Askable [article]: This relationship attribute can be used to prevent a question from being asked/control the type of questions that can be asked selected under ‘Question configuration’ in the Studio.

Authors: At Rainbird, authors are the experts who model their knowledge in the Rainbird Studio.

Automated decision-making platform: A rules-based software platform encoded with subject matter expertise to automate complex decisions or recommendations in the same way that a human does.

Behaviour [article]: In the Rainbird Studio, you can specify whether the behaviour of a condition within a rule is either mandatory or optional. In order for the rule to be work, all mandatory conditions must be met.

Boolean operator [article]: In the Rainbird Authoring Platform, the boolean operators ‘and’ / ‘or’ can be used to link expressions together.

canAdd [article]: This relationship attribute can be used to prevent a user from adding a response/control whether subject or object instances can be added to.

Certainty Factor (CF) [article]: A certainty factor is the level of certainty expressed by authors about facts and rules when modelling their knowledge in the Rainbird Studio. A certainty factor can also be expressed by end-users about certain facts and data when consulting with the Rainbird Agent at run-time. The certainty factor affects the overall certainty of the resulting judgement produced by Rainbird.

Comparative expressions [article]: Comparative expressions are used when creating conditions for rules, using functions that compare 2 variables or constants.

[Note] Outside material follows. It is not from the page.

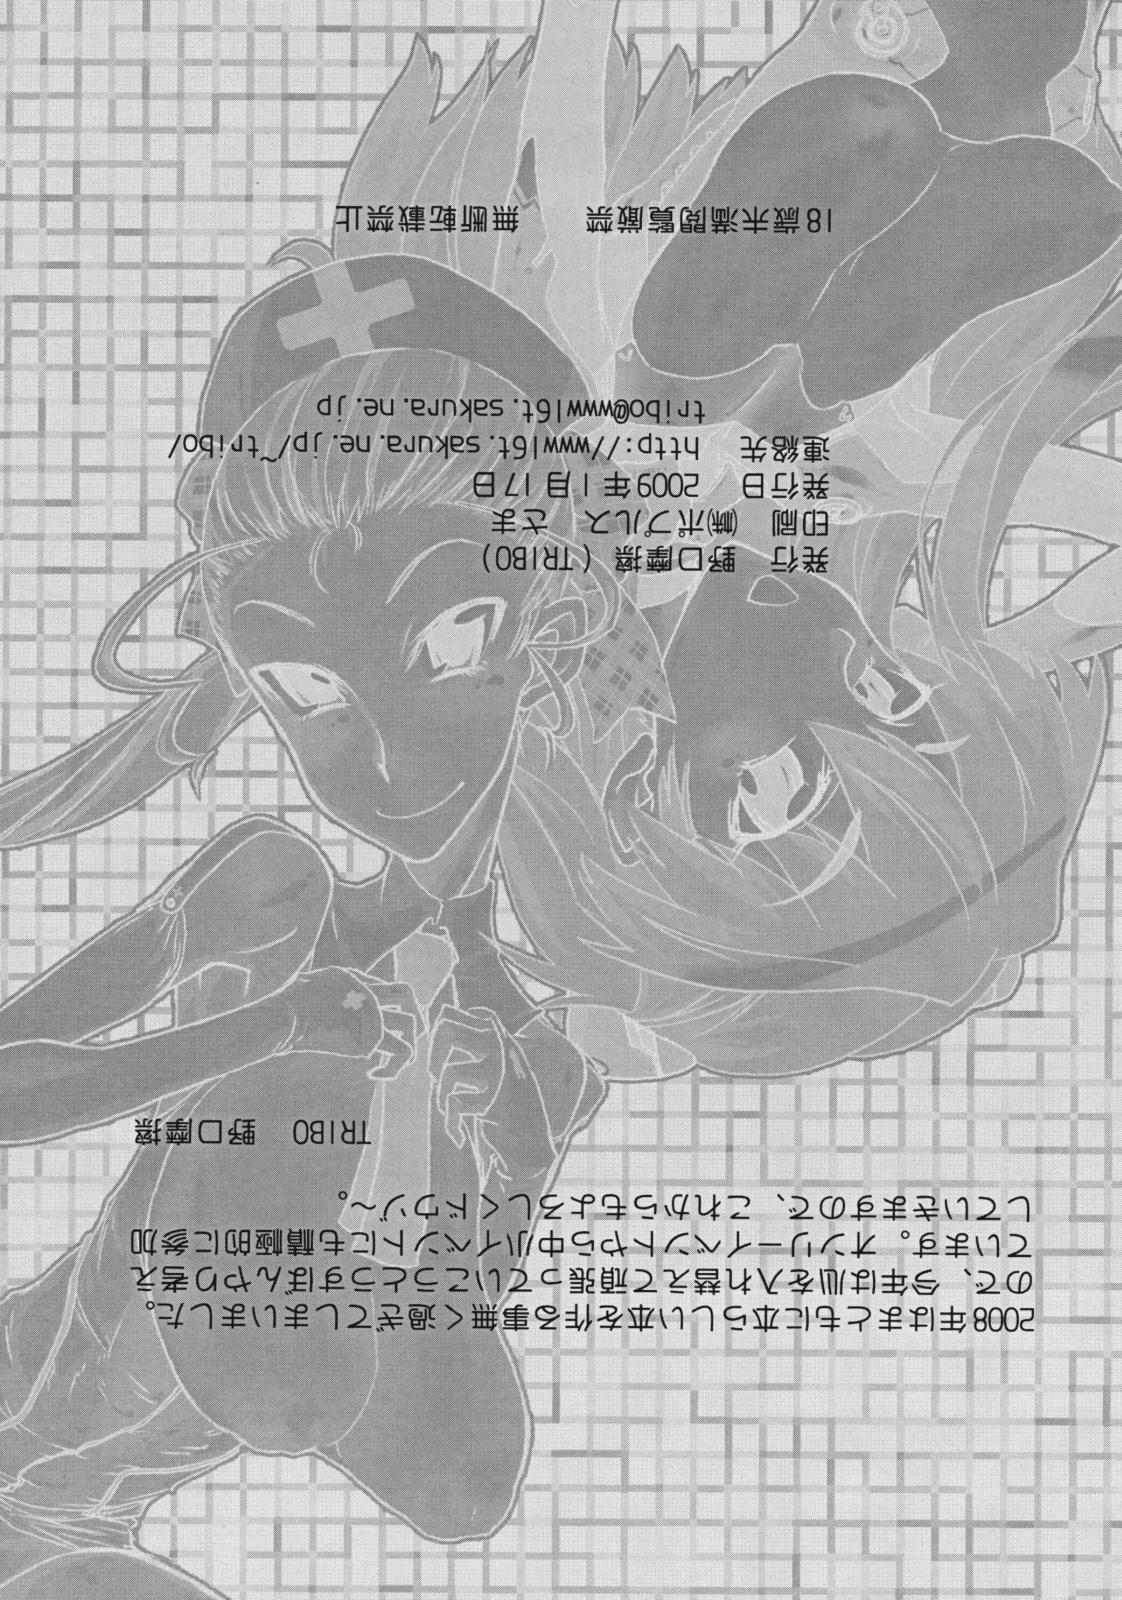 Bitch MSL/A/K - Neon genesis evangelion Code geass Takamare takamaru Verga - Page 58

Concept [article]: In the Rainbird Studio, concepts are things that exist in our world. Examples include ‘restaurant’, ‘cuisine’, ‘food’ and ‘location’. The first step when creating a knowledge map is to identify relevant concepts.

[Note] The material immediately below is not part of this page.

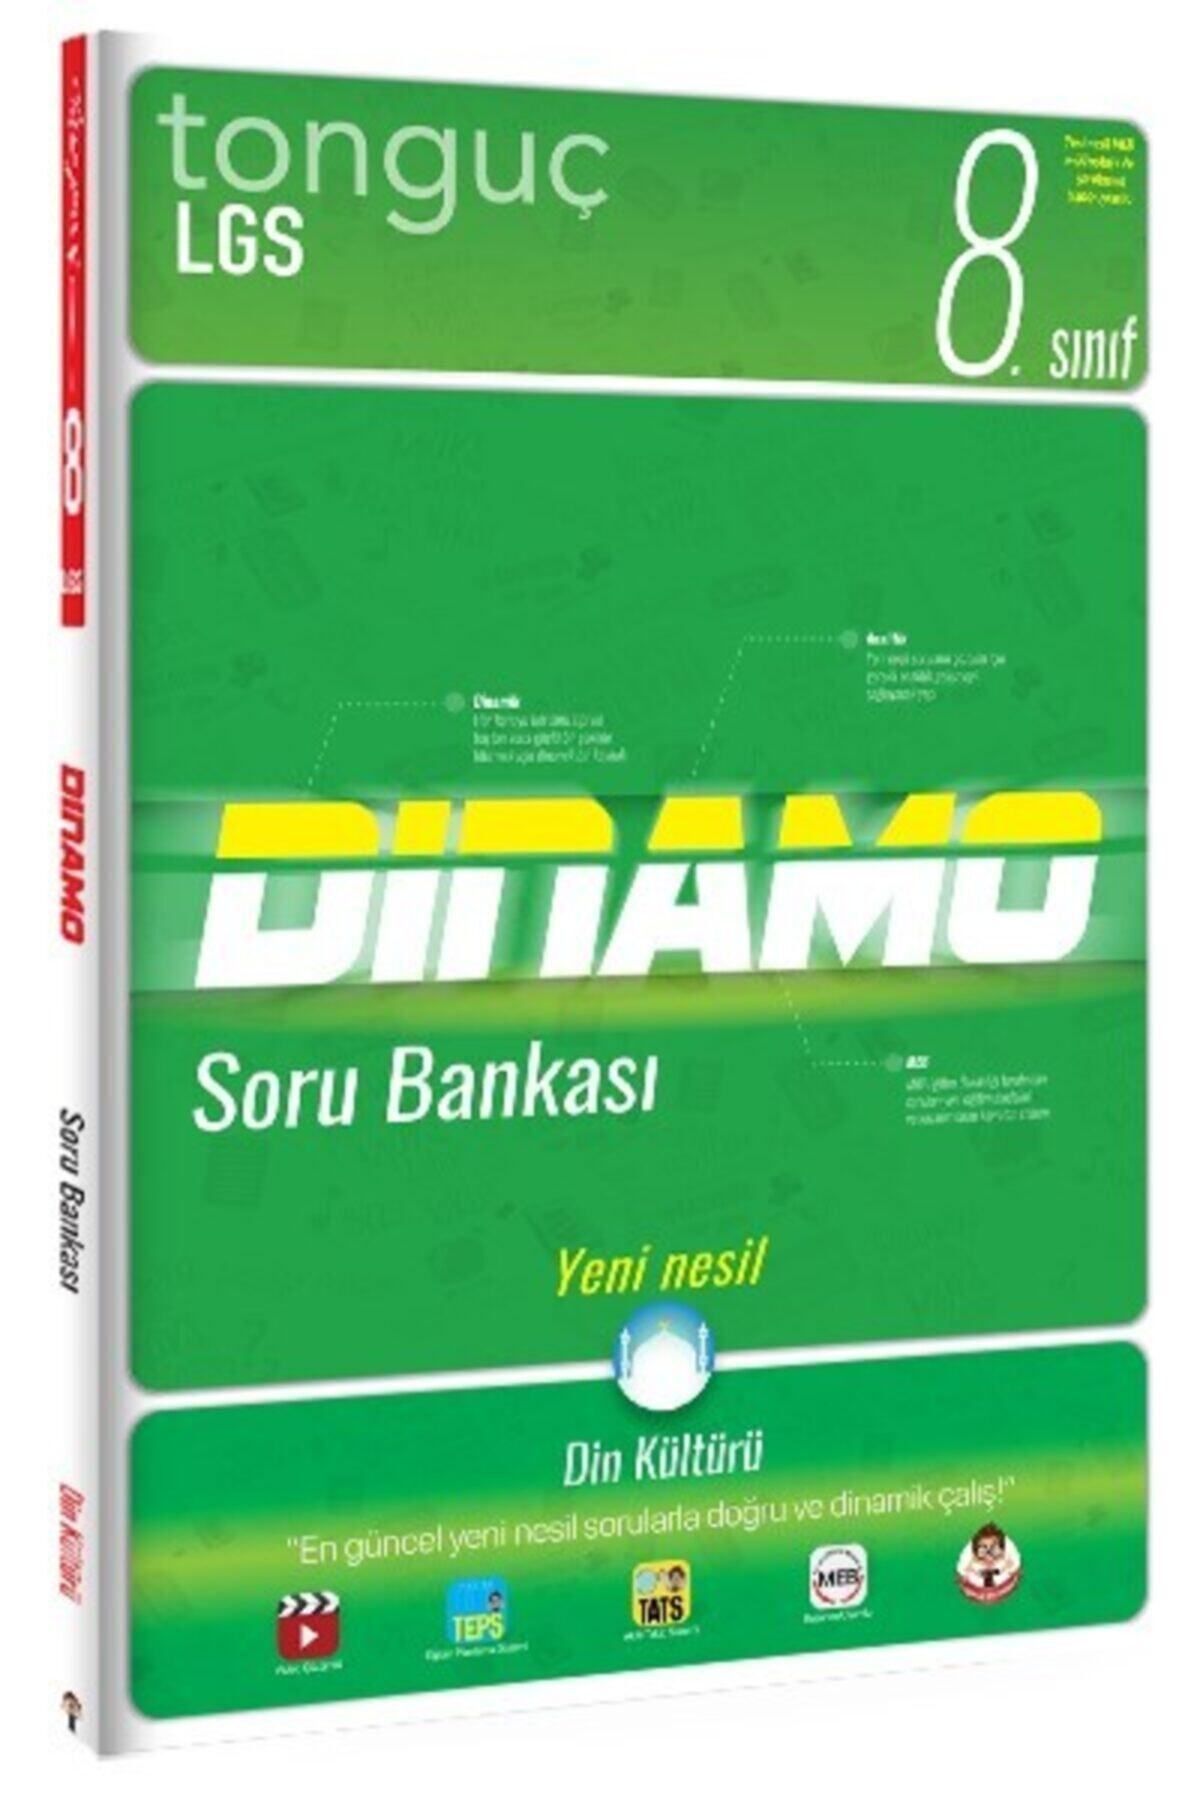 Tonguç Yayınları 8. Sınıf Lgs Din Kültürü Dinamo Soru Bankası

Concept instance [article]: In the Rainbird Studio, concept instances are specific examples of concepts. For example, ‘city centre’ is an instance of the concept ‘location’. Concept instances can be seen as the data that sit within a Rainbird model. In a Rainbird knowledge map concept instances aren’t actually visible on the surface but they are easily accessible.

Condition [article]: In the Rainbird Studio, conditions are applied to relationships in order to create rules. By encoding conditions, we can describe the circumstances under which a relationship is true. Mandatory conditions must be met in order for a rule to be considered a fact.

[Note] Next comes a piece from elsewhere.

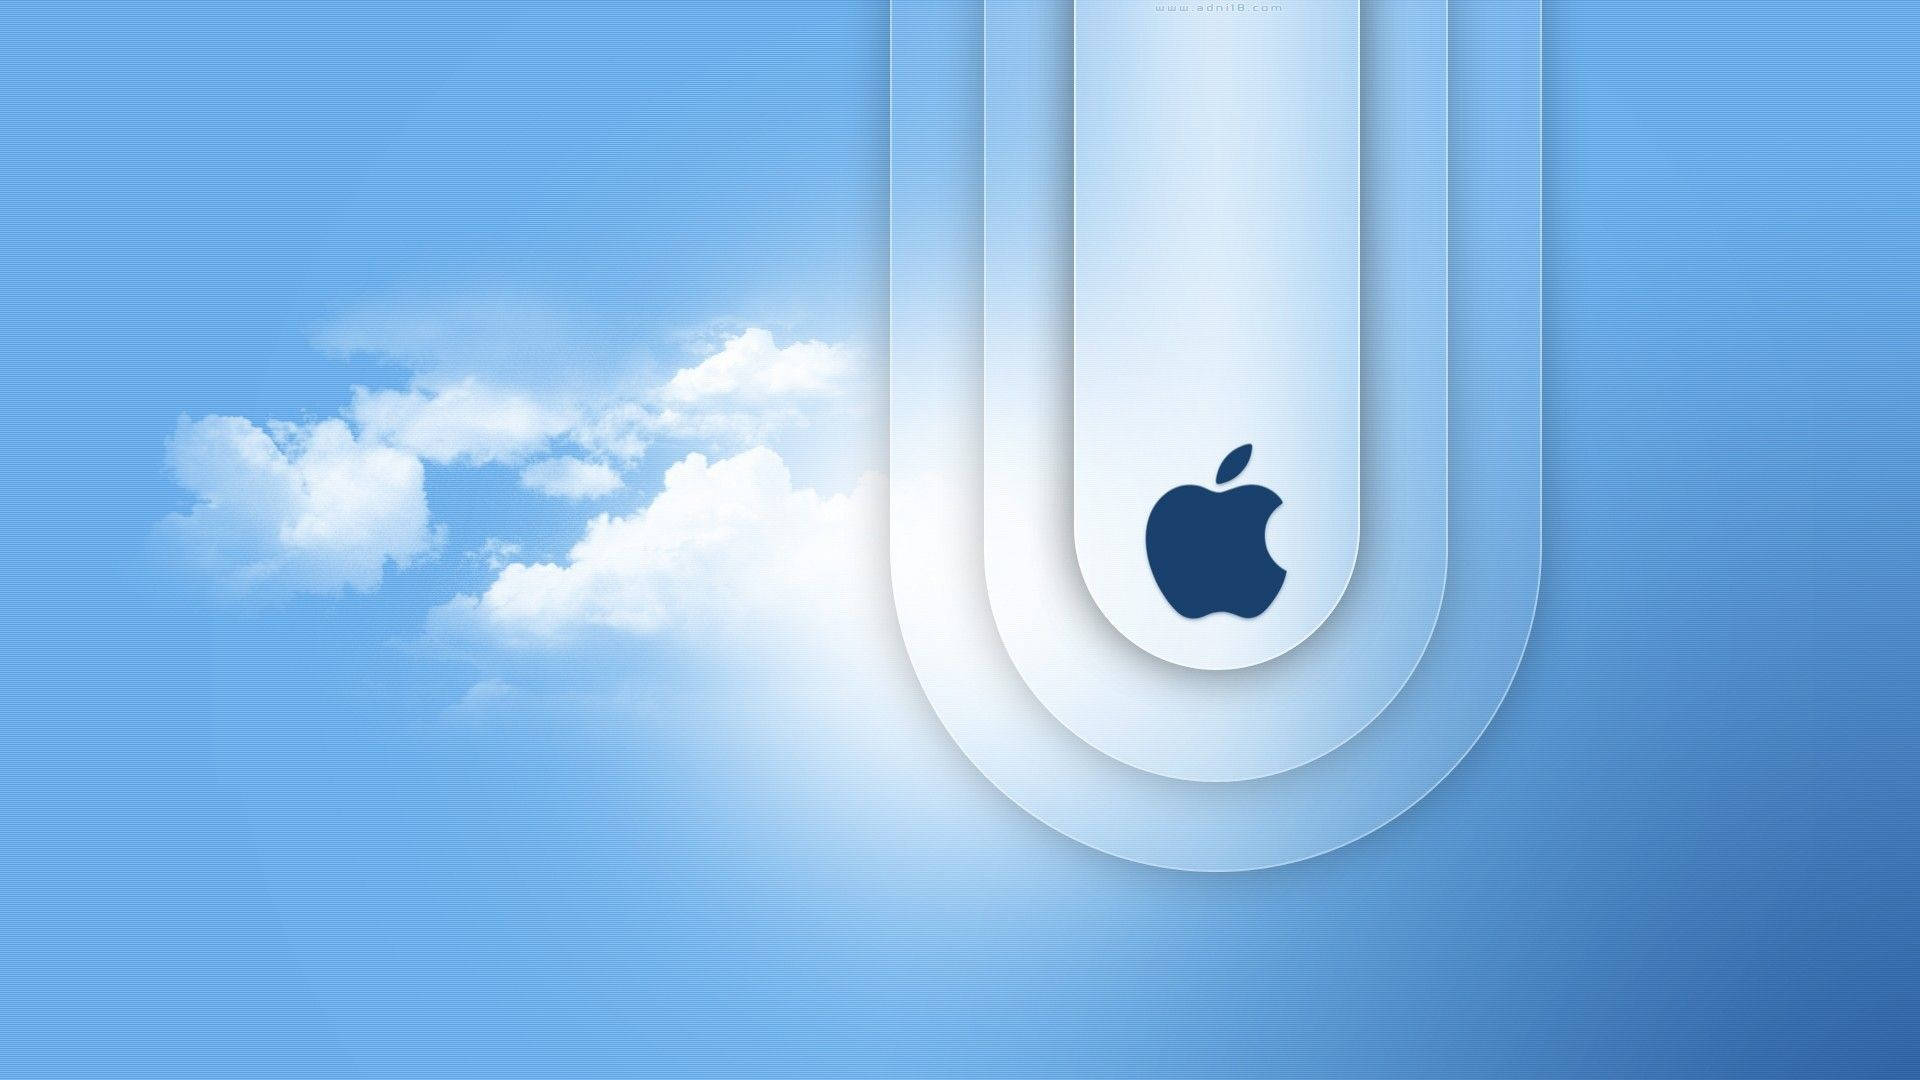 Macbook Air Logo In Clouds

countRelationshipInstances [article]: This expression is used to count concept instances/facts either within the map or entered when querying the map. The countRelationship expression can be used with string, number and date instances.

Database: A database refers to a set of structured data that is stored in a computer. Rainbird can make connections to external, real-time databases, removing the need to store data within the knowledge map itself.

Data Retention Policy [article]: The built-in Data Retention Policy feature in Rainbird allows you to limit the amount of time that any information entered and saved into a knowledge map will be stored by Rainbird. Any session data will be removed after the set time period. There are two Data Retention Policies that can be set within Rainbird.

Data source [article]: In the Rainbird Studio, a datasource is a source of data which an author points Rainbird towards during a query session. This data could be provided by a third party or could be located in a company’s internal systems. Rainbird can retrieve data to use at run-time as concept instances and facts. Datasources are useful when the required logic or information is available from an existing web service and accessible through an API.

Date expressions: In Rainbird, concepts can be ‘date’ concepts – formatted as YYYY-MM-DD.  Date concepts should be used when a date will be either the input or output of a map. Rainbird can use date expressions to transform and calculate dates, they can be combined with other date, transformative and comparative expressions to ‘retrieve’, ‘add’,  ‘subtract’ or ‘compare’ time.

dayOfWeek [article]: Rainbird uses the dayOfWeek() expression to determine the weekday of a date entered at runtime or that exists in the map, as a number (e.g. dayOfWeek(0000-12-24) would return a 7, for Sunday).

dayOfMonth [article]: Rainbird uses the dayOfMonth expression to extract the day number within the month from a date instance which is either created at runtime or that exists as an instance in the map. For example, if the date instance was 2000-12-24, Rainbird would extract the number 24.

dayOfYear [article]: Rainbird uses the dayOfYear expression to calculate how many days a date instance, either created by the end-user at runtime or that exists in the map, is from the beginning of the year. For example, if the input date is 2021-02-04, the dayOfYear function would return the number 35.

daysBetween [article]: Rainbird uses the daysBetween expression to calculate how many days there are between date instances.  Rainbird will return the result of the expression as a number.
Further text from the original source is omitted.